We planted six everblooming strawberry plants in late winter this year. The berries were luscious and none made it into the house but were popped into the mouth while still warm from the sun. Oooh, baby, there is nothing better and if juice drips down your chin, you get bonus points. These plants have become many with their runners so we are expecting huge numbers next year. Other family members might even get some.
Another success was the four jalapeno plants. We have always planted this type of pepper for we love spicy food. No matter the lack of rain or poor soil they might have been stuck in the early days of veggie gardening here, the crop has always been bumper. They start bearing early and will continue into November when the peppers will turn red.
First time growing for us were the cucumbers, planted as seeds into the ground the two plants have given us many fine meals and many jars of pickles. Towards the end of the season we have noticed these little mounds of excavated cucumber flesh resting on the spiky skin. This is a worm that tunnels through the fruits and I am sick of dealing with them. The cukes can be soaked in salt water and the worms will come crawling out, but really, yuck! Time to compost these plants.
The yellow patio tomatoes, this one is Golden Gem, outproduce all other types of tomatoes by leaps and bounds. My theory about this is that the species tomato is a small yellow one and is just a more vigorous plant than the reds, large or small. Normally we grow the yellow pears, but tried this one this year and noticed that there was not the cracking and splitting that the others were prone to. A big improvement.
We tried several heirloom tomatoes including Brandywine, Cherokee Purple and Black Krim. The last one gave us the best and most fruit. We also grew Park’s Improved Whopper and that one is still bearing. The tomatoes are not as large, but they are numerous, and very long fruiting, still giving us nice looking produce.
There are always tomato plants that come up in odd places in the garden.They are usually small ones but this plant appeared next to the new rose on the arbor, Madame Alfred Carriere. Maybe it was in the pot that was shipped from the Antique Rose Emporium, but the tomatoes are nice sized and tasty. This group is on a branch down by the ground and hidden from the pesky birds that like to poke holes in my nice food crop. HA to you birds!
Radish seeds have been planted for the fall crops. In just a couple of days we have germination. Also planted on that day were carrots, beets, arugula and some saved seeds harvested from our terrific crop of sugar snap peas. The peas are up as well.
The big finale is the carrot harvest. We had made a two foot high planter box and filled it with chopped leaves, bagged compost and soil conditioner and our favorite additive, Black Kow. Our regular soil is clay with assorted stones. Even our best soil is not good for carrot production. While the carrots look good, the taste was disappointing. Maybe we left them in the ground too long, I was waiting for them to poke their necks out to let us know when to pull them. We won’t be growing those again.
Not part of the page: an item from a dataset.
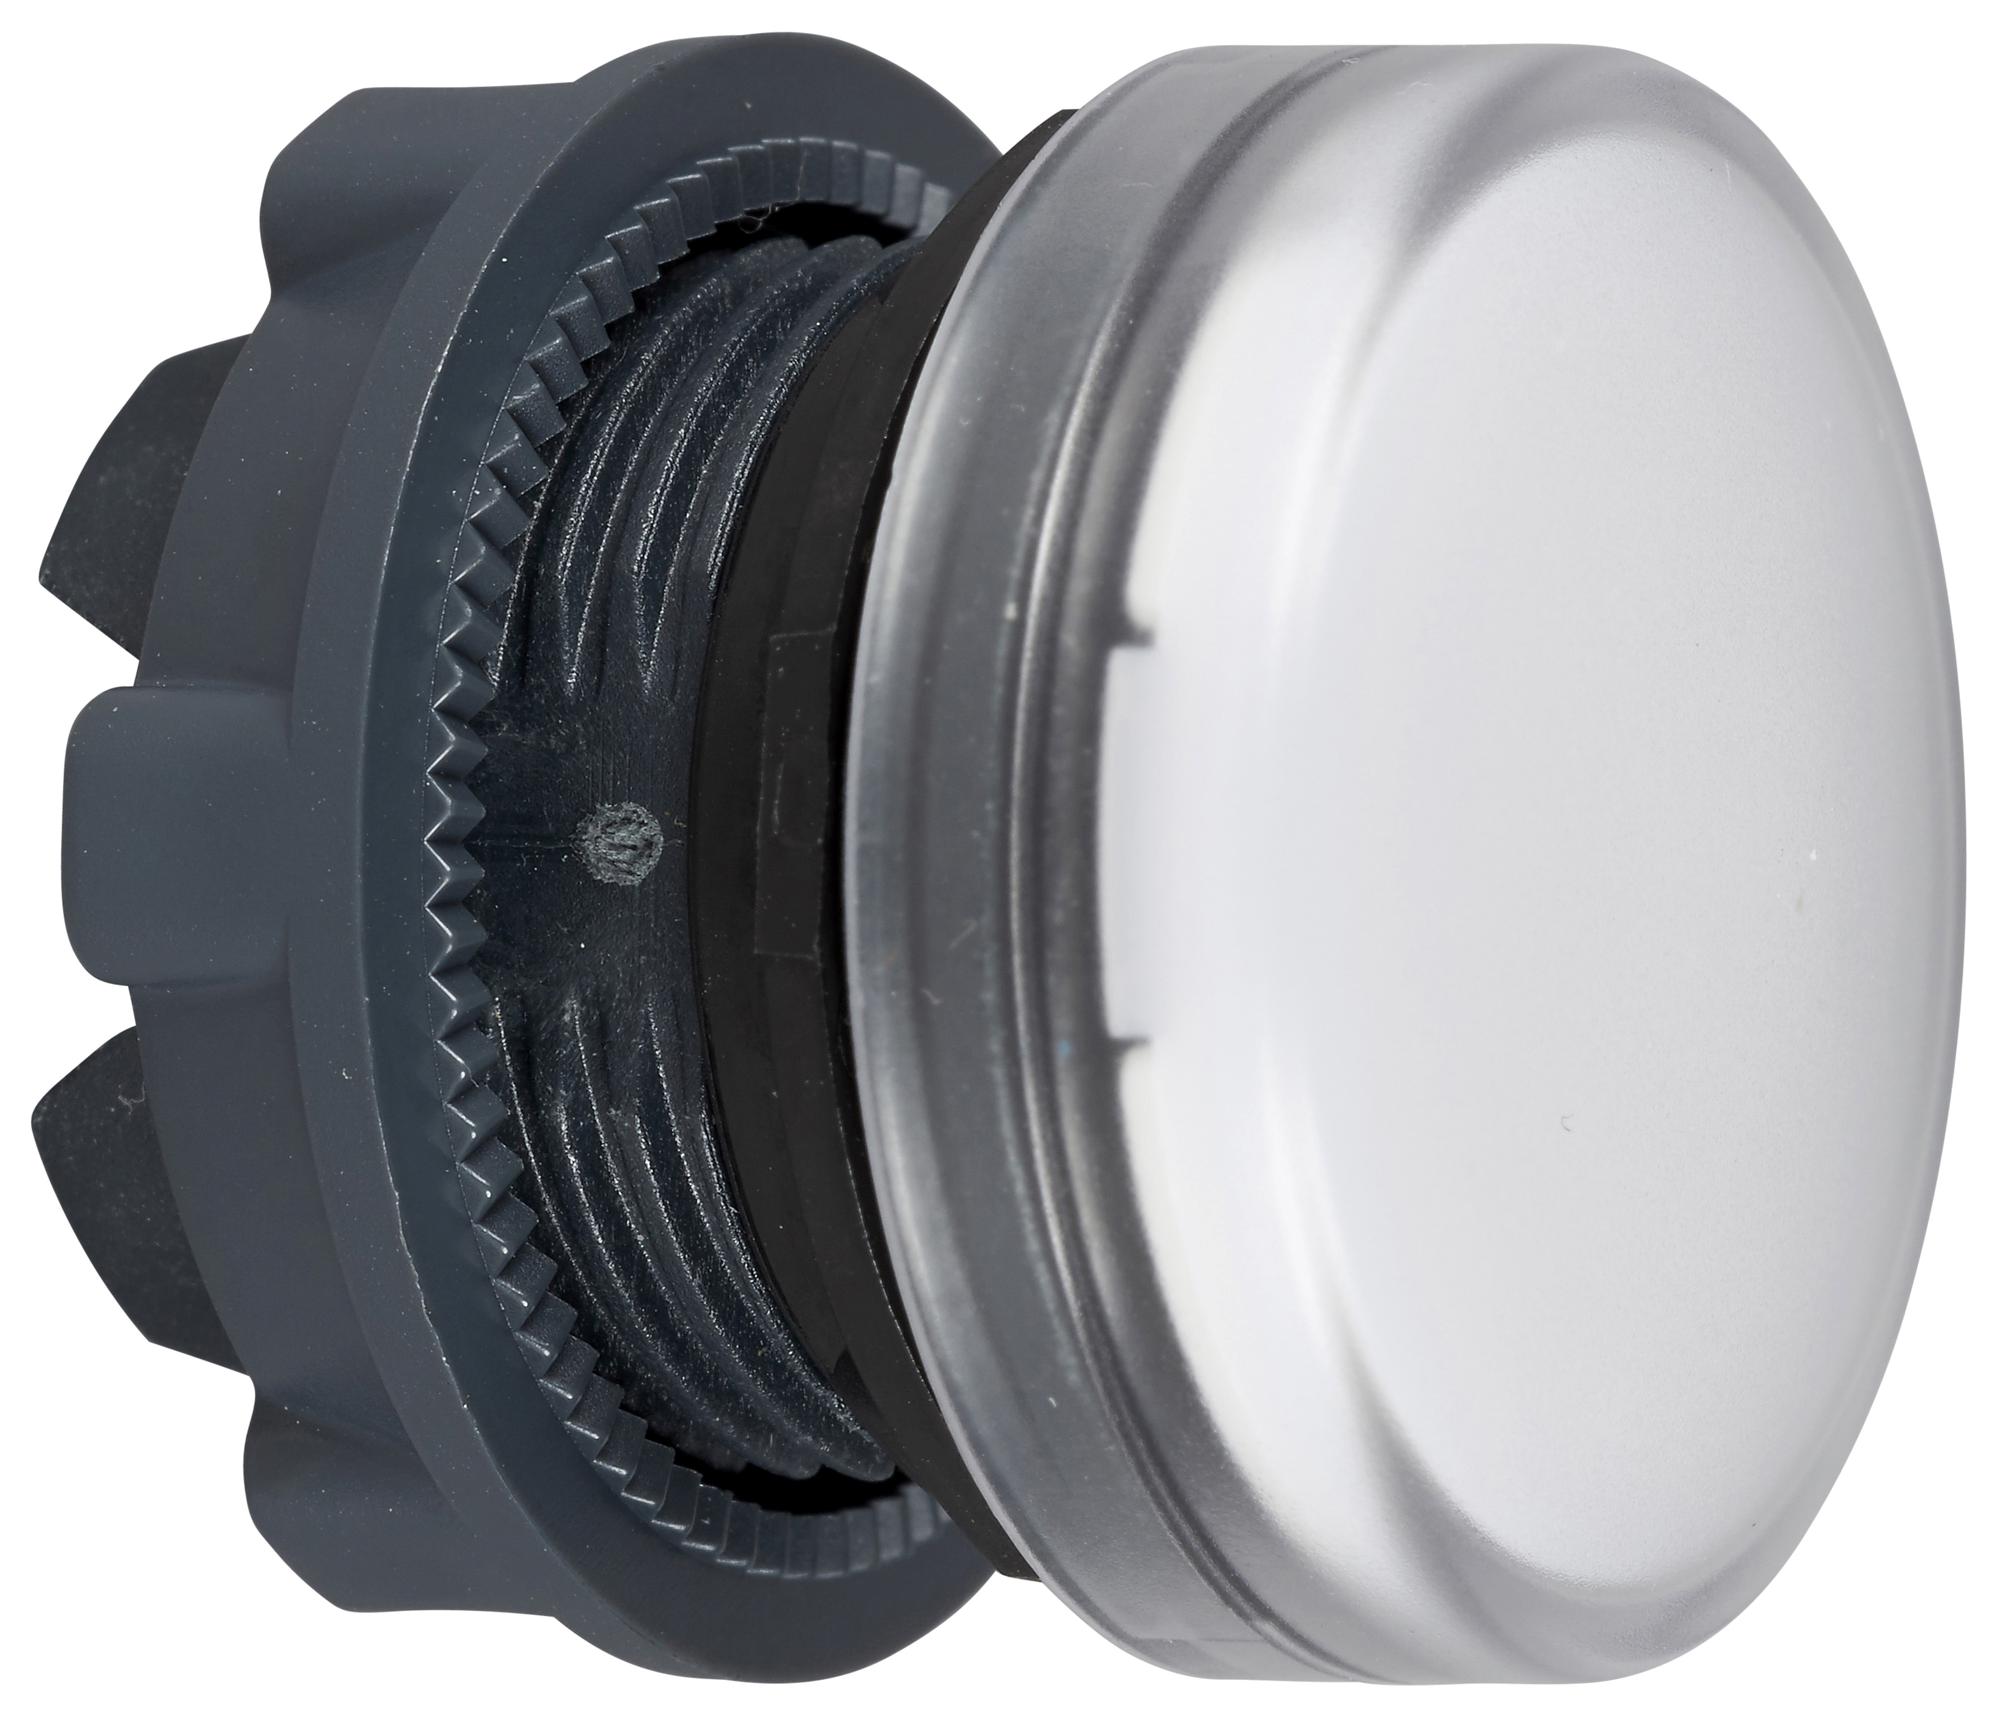 SCHNEIDER ELECTRIC Indicator Lenses ZB5AV01 PILOT LIGHT HEAD, WHITE, ROUND, 22MM SCHNEIDER ELECTRIC 3115334 ZB5AV01

Another crop that looks to be bumper this year is shown above. While they could be eaten by humans, none are ever available to us. This photo was taken with the zoom for these fruits are very high above the ground. Last year’s drought caused the production of these walnuts to be numerous. The squirrels will have to go into overtime to get them all buried and then forgotten. Massive digging will be done in the garden by the squirrel workers trying to locate their prizes. Arghhh!